Recovery advocacy should come with a promise and a warning label. The promise? Recovery advocacy can be a deeply fulfilling form of social activism. The warning? Be careful out there: Recovery advocacy could be harmful to your health and your recovery.
For those pursuing a recovery ministry, those you are seeking to help will test your emotional capacity for service. Your family will at times question whether the mission you are pursuing is worth its personal price. Some members of the recovery community will question your motives and your suitability to represent recovery at a public level. They will accuse you of violating or “ripping off the program” for your own aggrandizement or profit. You will face addiction-related stigma and all its accompanying stereotypes from the very community you are seeking to serve. Some will castigate you as a hustler masquerading as a healer. If you have a history of severe and prolonged addiction, some will think you too damaged to put a public face and voice on recovery. If you are younger or your addiction career was less severe (not fitting media-manufactured caricatures of addiction), some will question the legitimacy of your addiction and your recovery status. Such is the lot of anyone called to service in recovery advocacy and recovery support roles. That is why training, supervision, and peer support are so critical to the prolonged performance of these roles.

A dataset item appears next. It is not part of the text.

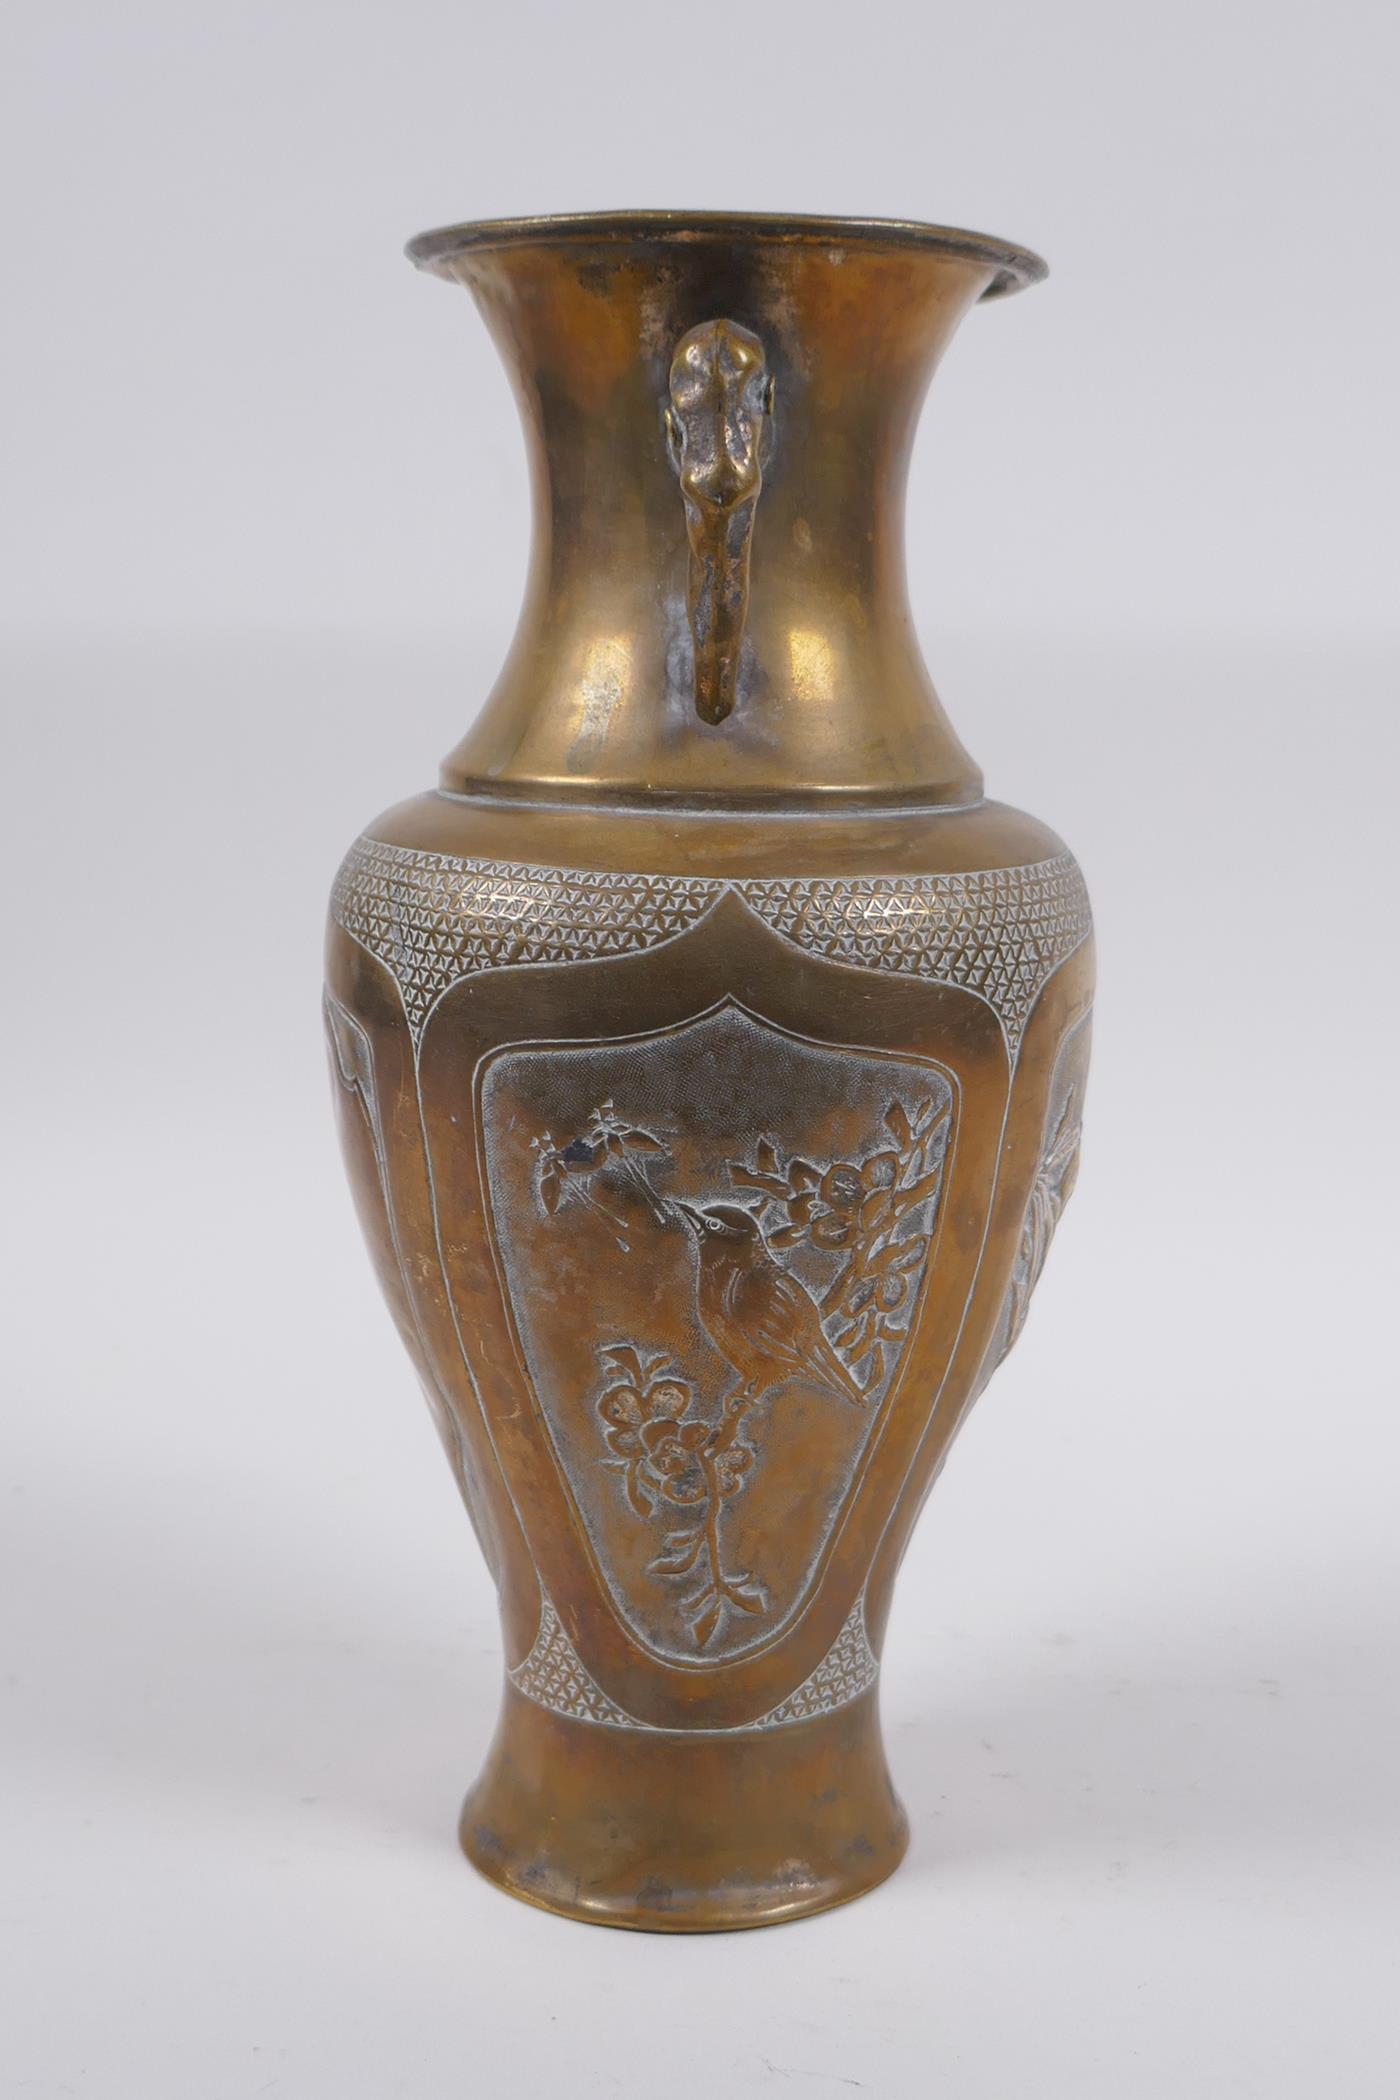 A Japanese Meiji bronze vase with two handles and decorative panels depicting birds and - Image 5 of 8

In Recovery Rising, I describe four daily rituals that are essential for sustained addiction recovery and effective recovery advocacy. Centering rituals, whether in the form of prayer, formal meditation, or just quiet reflection, help us “keep our eyes on the prize,” remain grounded, and help narrow the gap between aspirational recovery values (humility, honesty, integrity, tolerance, gratitude, forgiveness, etc.) and our daily actions. Mirroring rituals allow us to commune with kindred spirits for mutual support, for feedback on the quality of our advocacy work, and to rekindle our passion for recovery and recovery advocacy. Acts of self-care and personal responsibility allow time for self-repair and caring for the needs of our families and others of importance in our lives. Unpaid and unacknowledged acts of service help keep our egos in check and allow us to remain focused on the value of service to others and to our own recovery. The first three of these daily rituals constitute the essential foundation for the fourth.
Service in the absence of self-care is an act of self-destruction. Focusing on the self in the absence of service sustains the narcissistic self-encapsulation that is the very hallmark of addiction. Ironically, we must tend to self to serve others and serve others to escape entrapment within the self. Balancing self-care and service to others is the great challenge of recovery advocacy and peer recovery support.